## [WORK TO COMPLETE]
I'd like the entire listing output verbatim, apart from the pictures.

## [INFORMATION SHOWN]
※ ※ ※
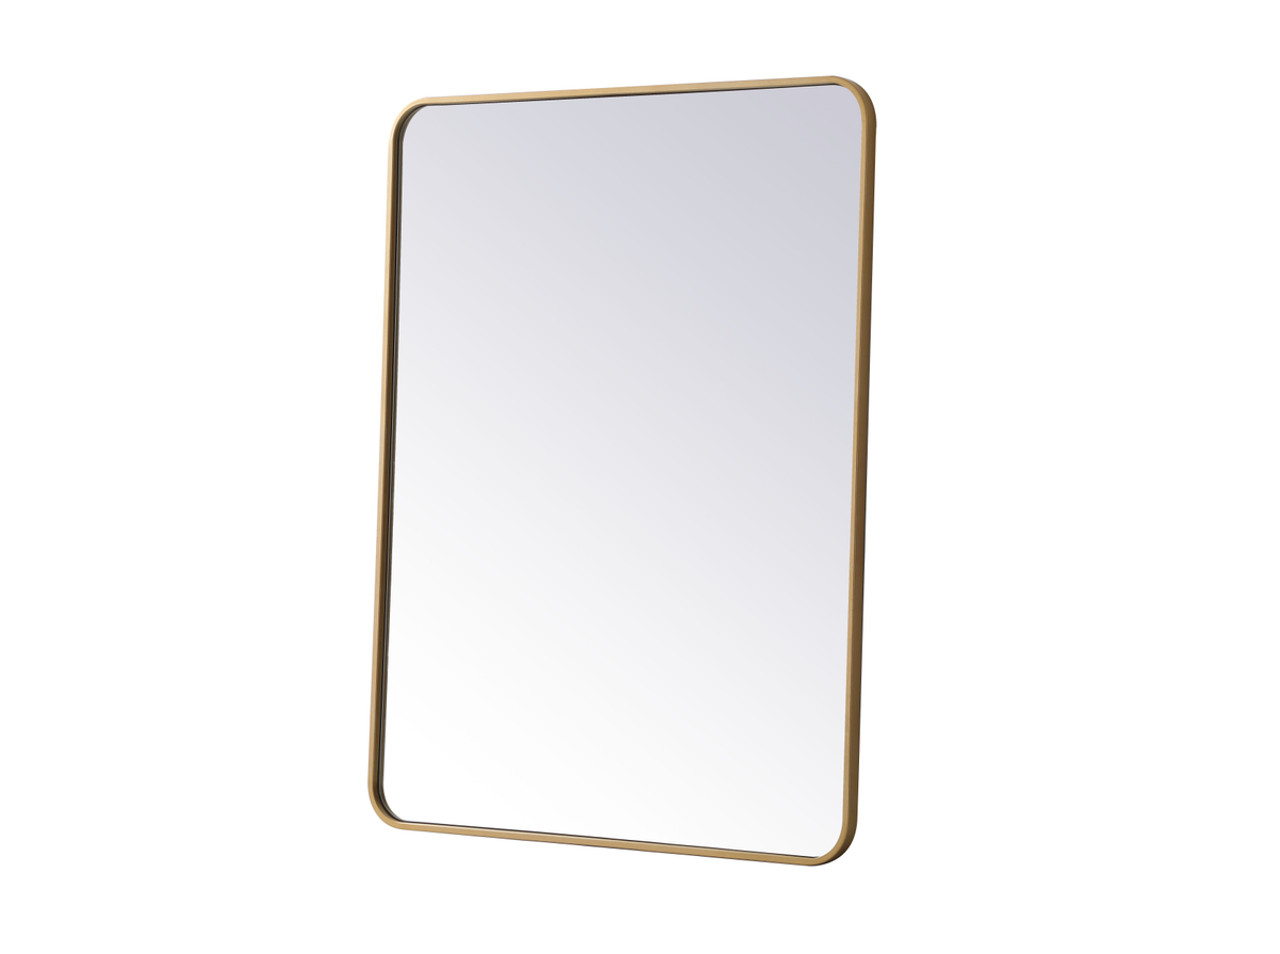 Elegant Decor MR803040BR Soft corner metal rectangular mirror 30x40 inch in Brass
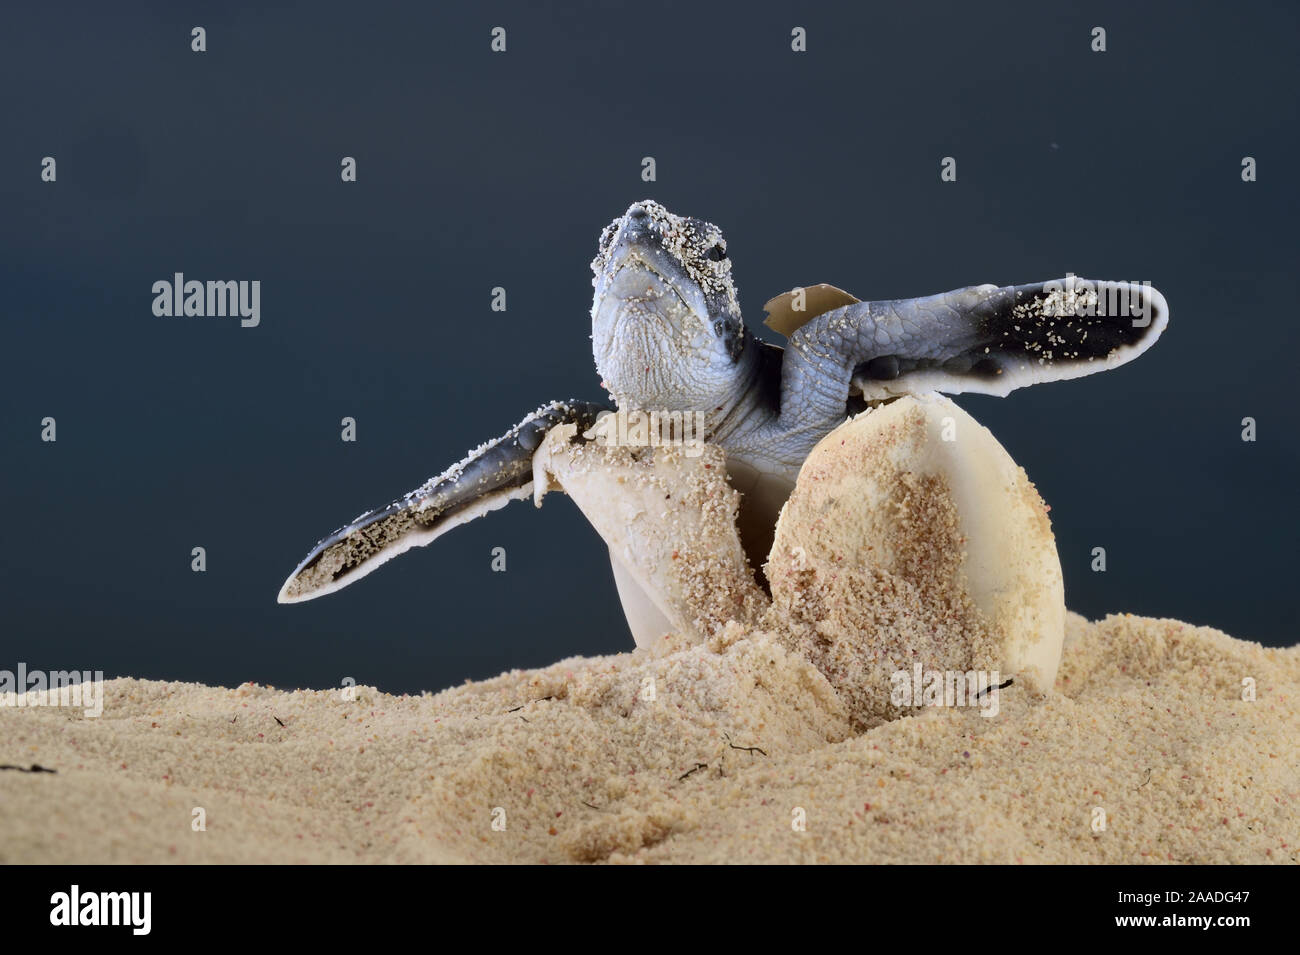 Nach einer Inkubationszeit von 45 bis 55 Tagen eine erste Hatchling" Suppenschildkröte (Chelonia mydas) ergibt sich aus dem Sand, Bonaire, Leeward Antillen, Karibik, Niederländische Antillen Stockfoto
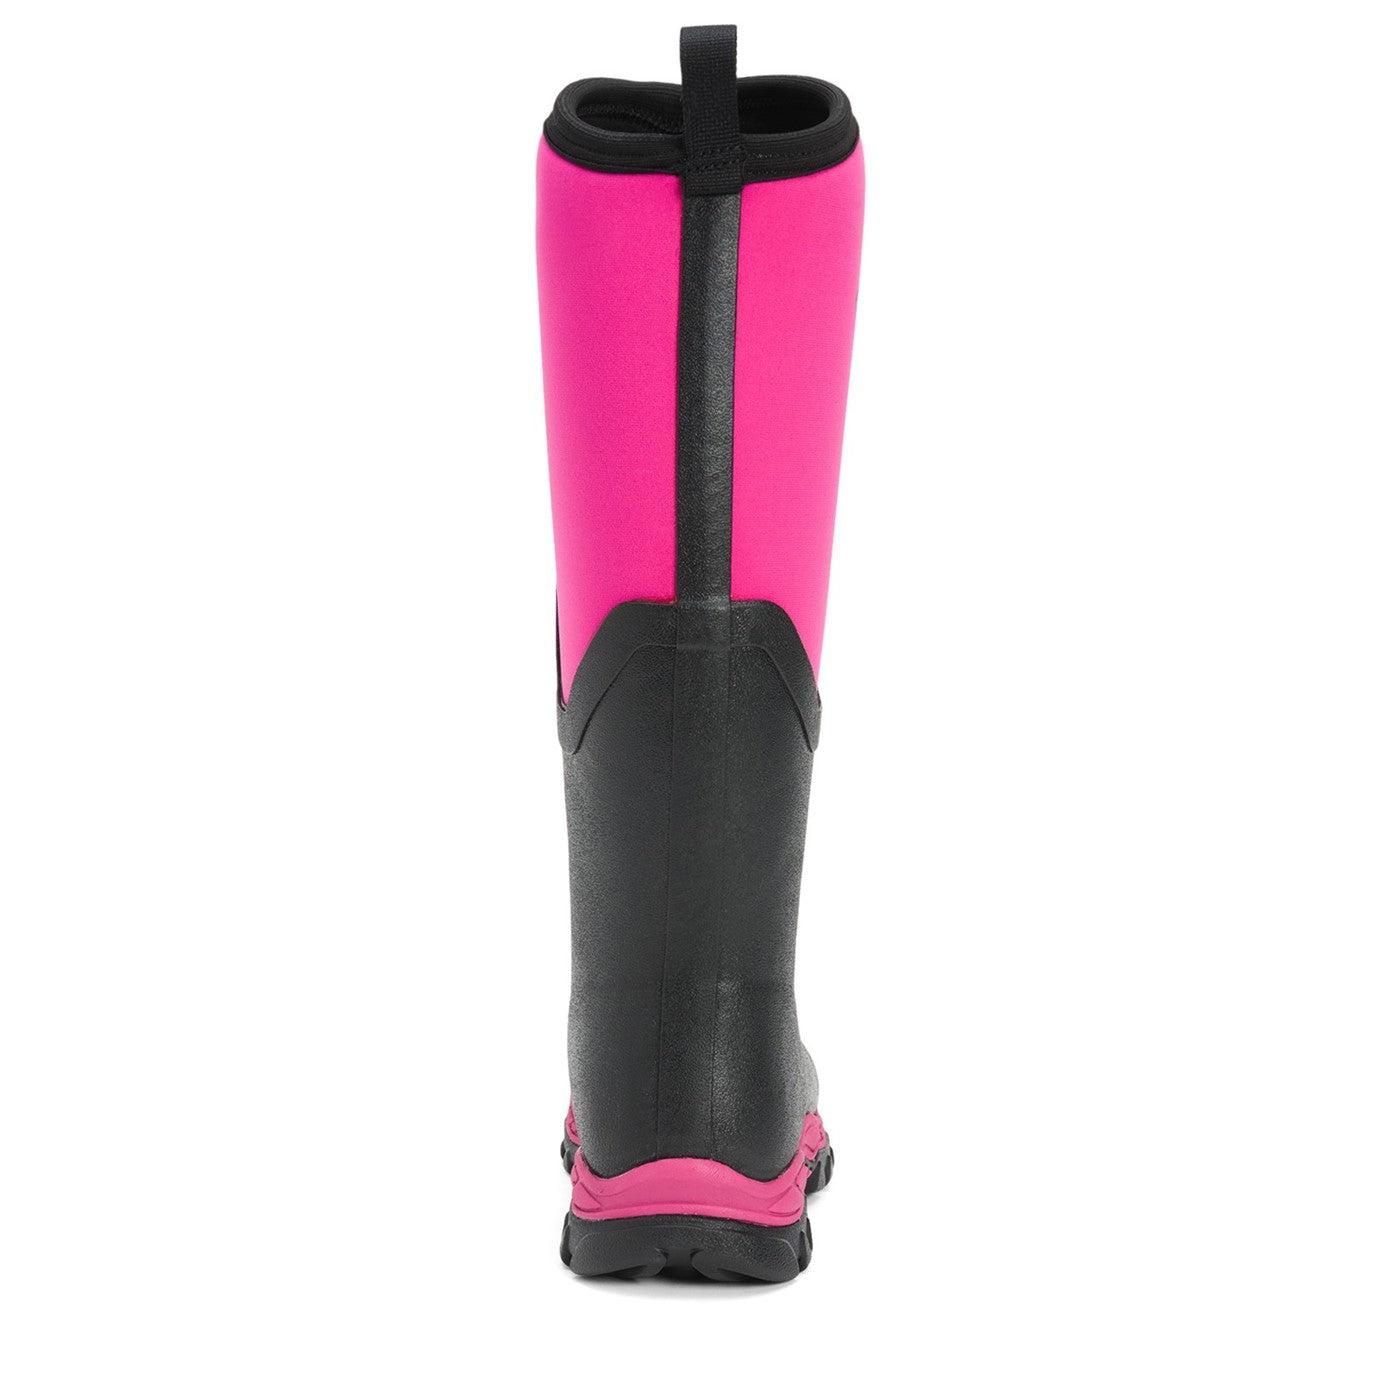 Damen Arctic Sport II Stiefel Hot Pink
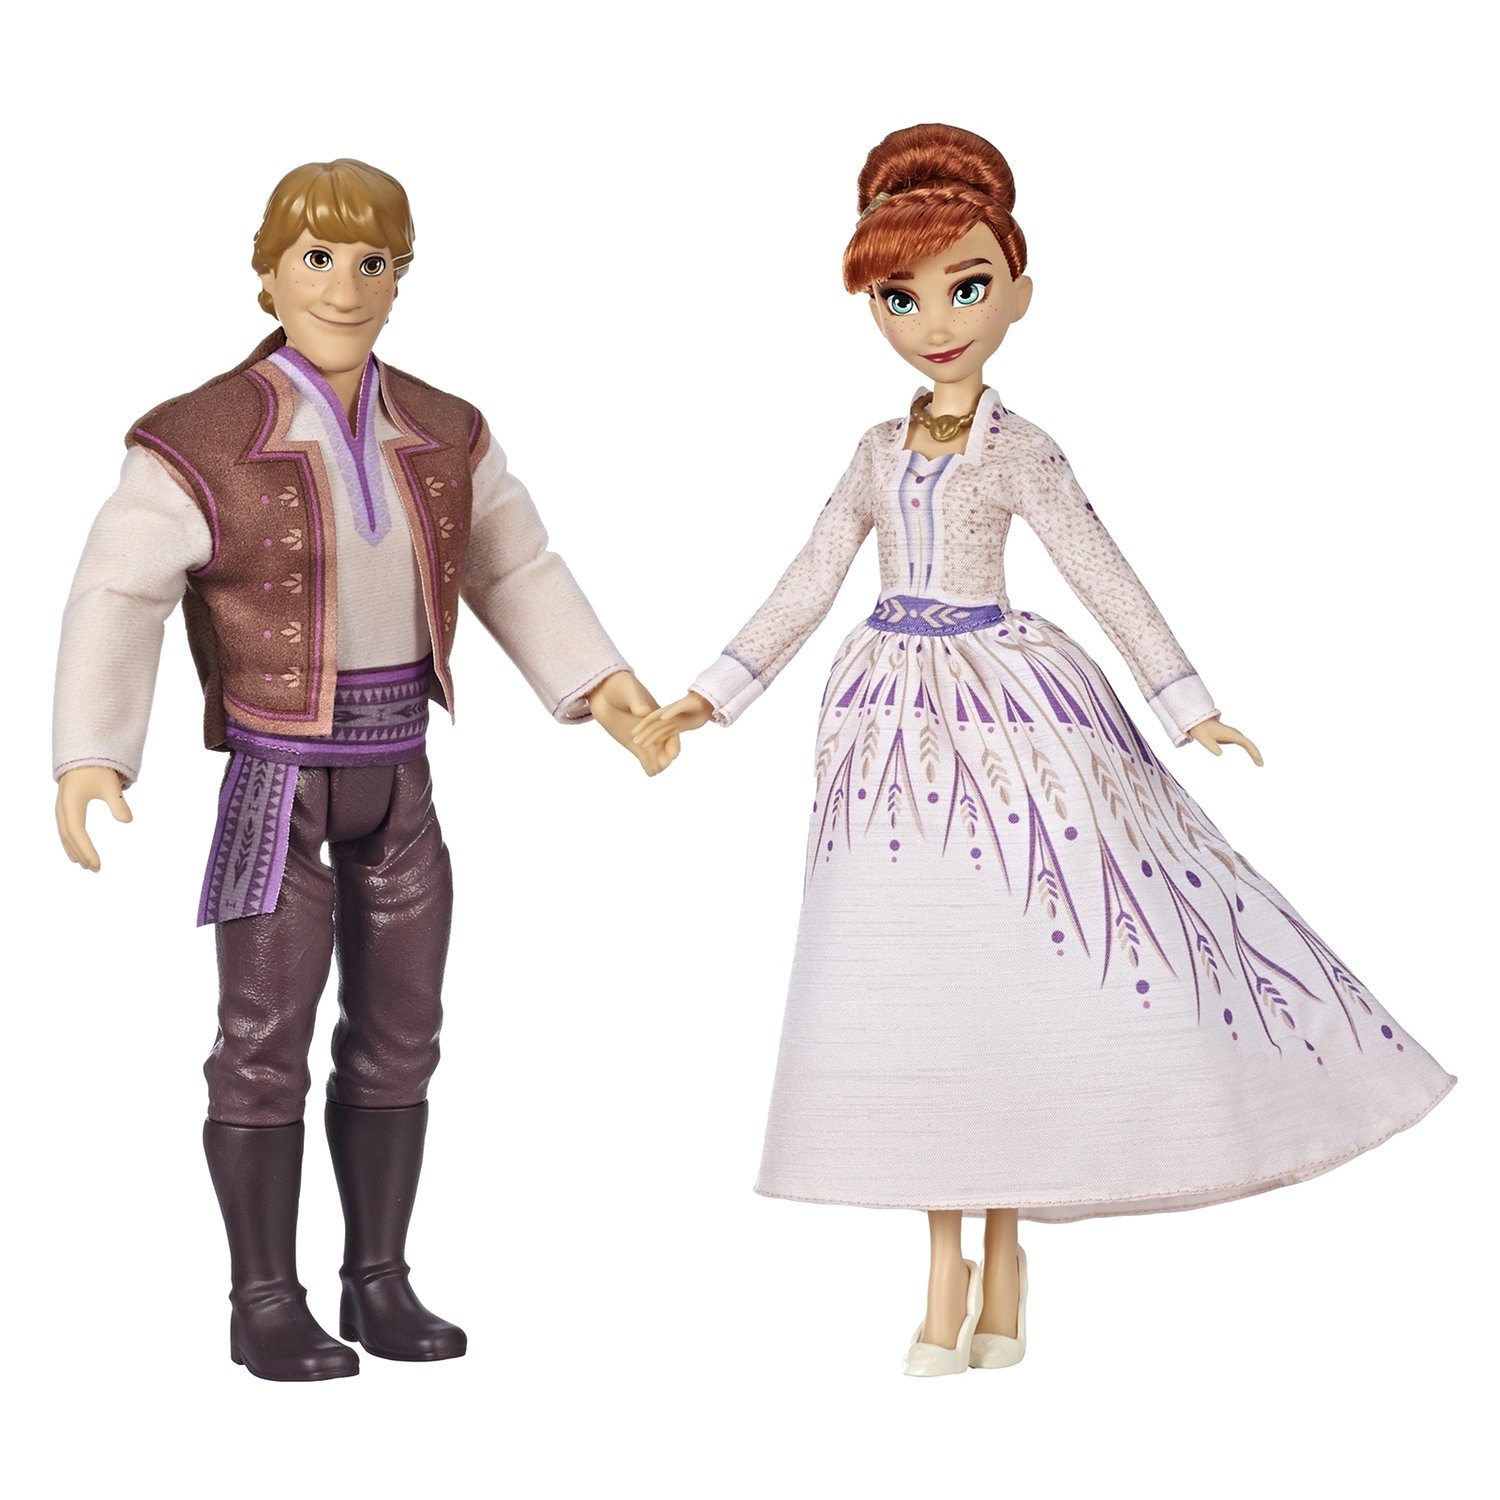 Набор Disney Frozen E5502EU4 Холодное cердце 2 Анна и Кристофф
※ ※ ※
## [SOLUTION TO THIS TASK]
 Elegant Decor MR803040BR Soft corner metal rectangular mirror 30x40 inch in Brass
 Nach einer Inkubationszeit von 45 bis 55 Tagen eine erste Hatchling" Suppenschildkröte (Chelonia mydas) ergibt sich aus dem Sand, Bonaire, Leeward Antillen, Karibik, Niederländische Antillen Stockfoto
 Damen Arctic Sport II Stiefel Hot Pink
 Набор Disney Frozen E5502EU4 Холодное cердце 2 Анна и Кристофф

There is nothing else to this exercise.